# PS3 Slim coming in September!



## CockroachMan (Aug 18, 2009)

Sony just announced at their conference in Gamescom!

It will be available in the first week of September for U$299 in NA, 299 Euros in Europe and 29980 yen in Japan.

It has all the functions that the PS3 has with a 120GB HDD. 33% smaller and 36% lighter. 

source: http://kotaku.com/5339968/sony-announces-s...-this-september


----------



## Ferrariman (Aug 18, 2009)

Yeah there was some bet I made 5 minutes ago, and it's off.


----------



## Hardkaare (Aug 18, 2009)

This has already been posted somewhere i believe.
Anyway would be cool if the price of the ps3 drops because of this.
And why does sony always make slim versions of everything?


----------



## Master Mo (Aug 18, 2009)

Looks good. Really smart move of Sony. And as far as I know the old model will be cheaper from tomorrow on!!!


----------



## War (Aug 18, 2009)

It's ugly as hell, though.






Backward compatibility not confirmed.


----------



## Hardkaare (Aug 18, 2009)

War said:
			
		

> It's ugly as hell, though.
> 
> 
> 
> ...


Atleast it doesn't look like a grill anymore.
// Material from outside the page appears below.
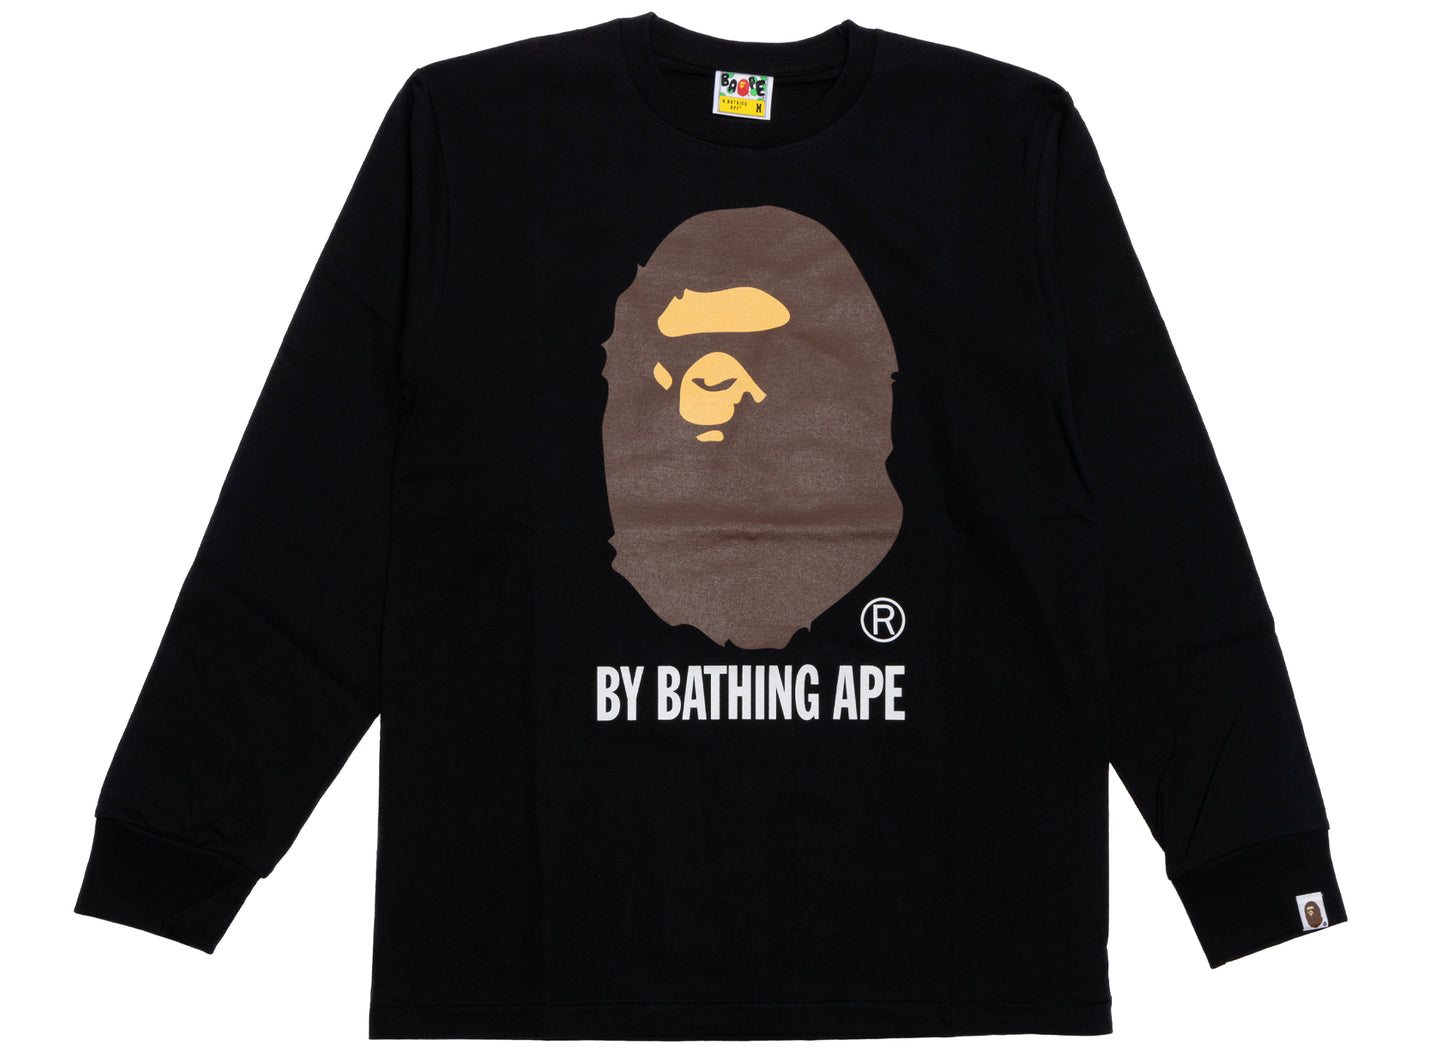 A Bathing Ape by Bathing Ape L/S Tee in Black xld

The ps3 grill in action!!!


----------



## raulpica (Aug 18, 2009)

I'll buy it only if it has BC. I do not want to still have that PS2 Slim along with a PS3 Slim


----------



## blueskies (Aug 18, 2009)

I'm still hoping for software based BC as an update.. doubt it will happen, but I want to finish Shadow of the Colossus without buying another PS2!!
I think that pic looks pretty good, I like the matte finish rather than the gloss. Though some side shots or comparison shots would be nice to see how slimmer it actually is.


----------



## dinofan01 (Aug 18, 2009)

Getting a PS3 actually makes sense now....but I'm still not getting one. Don't have the cash and still not enough good exclusive games for my taste.


----------



## hellohey (Aug 18, 2009)

ill get it if there's a possibility of it becoming hackable in the future


----------



## Hitsuagaya (Aug 18, 2009)

garbage just garbage


----------



## blueskies (Aug 18, 2009)

I think the price drop was a good move.. compared to the xbox 360 (even though their feature lists don't really match up and the 360 will eventually cost more), most people only see that initial cost and make their decision. 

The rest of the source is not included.